| Work task |
If a line of the data below holds the word "glass", list it.

□ □ □ □ □ □ □

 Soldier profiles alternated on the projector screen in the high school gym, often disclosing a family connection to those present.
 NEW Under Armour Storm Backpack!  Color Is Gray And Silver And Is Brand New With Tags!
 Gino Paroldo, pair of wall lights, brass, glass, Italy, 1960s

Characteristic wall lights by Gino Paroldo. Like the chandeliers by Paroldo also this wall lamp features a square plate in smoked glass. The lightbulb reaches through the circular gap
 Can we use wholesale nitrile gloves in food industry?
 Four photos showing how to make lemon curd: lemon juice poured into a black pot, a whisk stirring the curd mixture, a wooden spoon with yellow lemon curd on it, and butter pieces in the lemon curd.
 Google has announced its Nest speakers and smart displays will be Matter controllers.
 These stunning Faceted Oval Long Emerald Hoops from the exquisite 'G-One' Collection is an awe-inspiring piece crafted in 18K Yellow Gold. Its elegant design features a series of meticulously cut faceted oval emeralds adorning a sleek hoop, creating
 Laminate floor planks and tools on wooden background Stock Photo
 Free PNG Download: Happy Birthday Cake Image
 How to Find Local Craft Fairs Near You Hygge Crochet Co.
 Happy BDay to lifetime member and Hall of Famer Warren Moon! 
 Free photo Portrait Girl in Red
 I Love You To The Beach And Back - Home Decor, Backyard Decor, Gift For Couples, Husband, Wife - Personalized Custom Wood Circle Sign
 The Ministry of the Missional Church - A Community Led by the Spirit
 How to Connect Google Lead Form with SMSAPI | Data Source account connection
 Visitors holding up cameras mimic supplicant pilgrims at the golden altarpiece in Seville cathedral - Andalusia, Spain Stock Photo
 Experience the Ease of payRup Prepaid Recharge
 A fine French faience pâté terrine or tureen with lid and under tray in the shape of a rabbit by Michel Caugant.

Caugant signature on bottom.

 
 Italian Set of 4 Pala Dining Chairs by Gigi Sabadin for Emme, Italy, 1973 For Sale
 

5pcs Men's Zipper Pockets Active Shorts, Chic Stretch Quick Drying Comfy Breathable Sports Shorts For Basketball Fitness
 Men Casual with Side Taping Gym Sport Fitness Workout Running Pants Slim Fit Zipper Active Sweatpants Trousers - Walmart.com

□ □ □ □ □ □ □

| Problem solution |
 Gino Paroldo, pair of wall lights, brass, glass, Italy, 1960s
Characteristic wall lights by Gino Paroldo. Like the chandeliers by Paroldo also this wall lamp features a square plate in smoked glass. The lightbulb reaches through the circular gap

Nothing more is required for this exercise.